Sunday, June 26, 2016

Perfect, Just Not Now

It was all fuzzy.
I was fuzzy.

But I remember seeing you, that part is not fuzzy.
Standing there, I was dizzily waiting for another drink in a place surrounded by people so unlike me.

I felt you looking at me. I could feel your presence when it entered the loud, crowded room.

I turned. There you were, standing in the doorway. The rest of the room disappeared. I knew that you were like me. I knew I had to talk to you. I turned back to the bar. Trying to figure how to approach you.

I felt your arm gently press against mine on the bar. I looked up and into your hazel eyes. Eyes that said so much before you even spoke. You smiled at me from underneath your thick, black mustache. I smiled back.

"Hi," you said.

All I could manage was a grin as I looked down at my empty drink.

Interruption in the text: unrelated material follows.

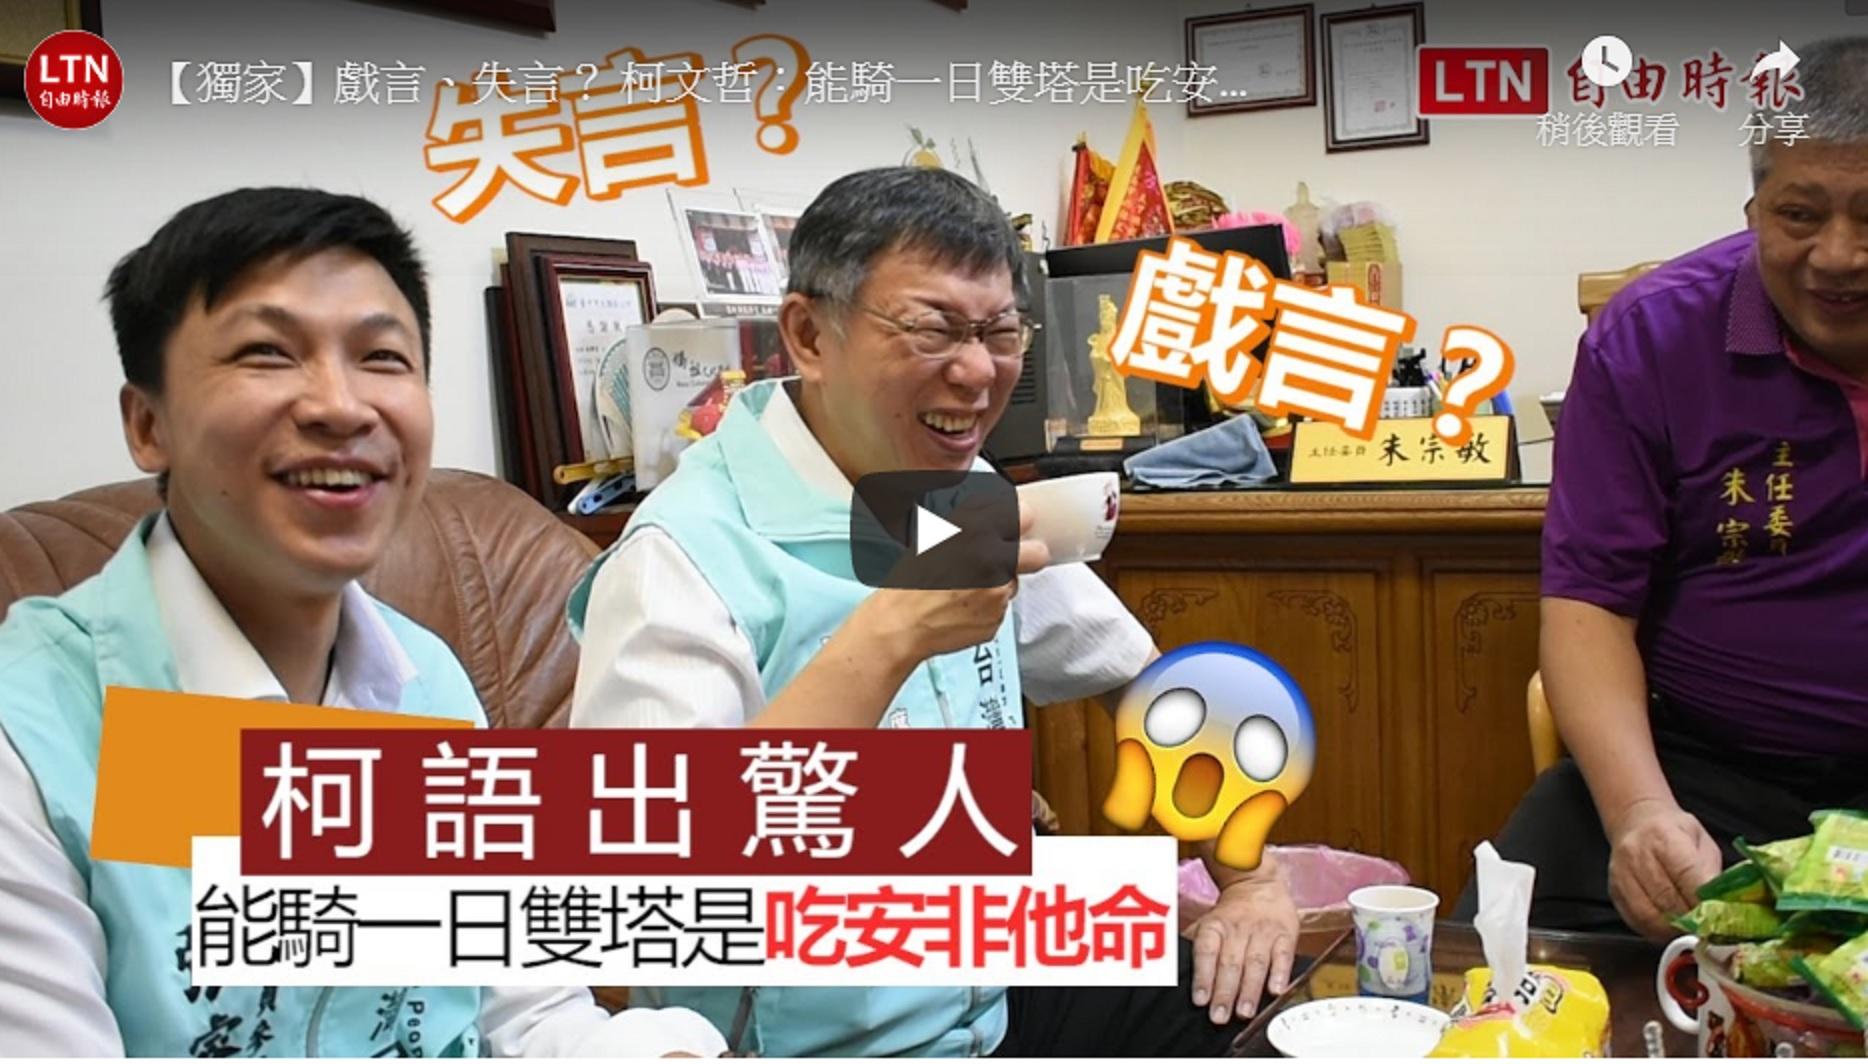 這種水準,真是污辱了台灣民眾黨

We began talking and didn't stop until your friends found you and said it was time to leave.

I knew that wouldn't be the end of you.
And I was right.
I still wonder and wish.
Everything was right. So right. But the timing was so wrong.
And boy, no matter how hard I tried, we can't change the time.

It wasn't the end of you.

I'm not sure it will ever be the end of you.

I'll always wonder about the timing, wonder if I could have changed it.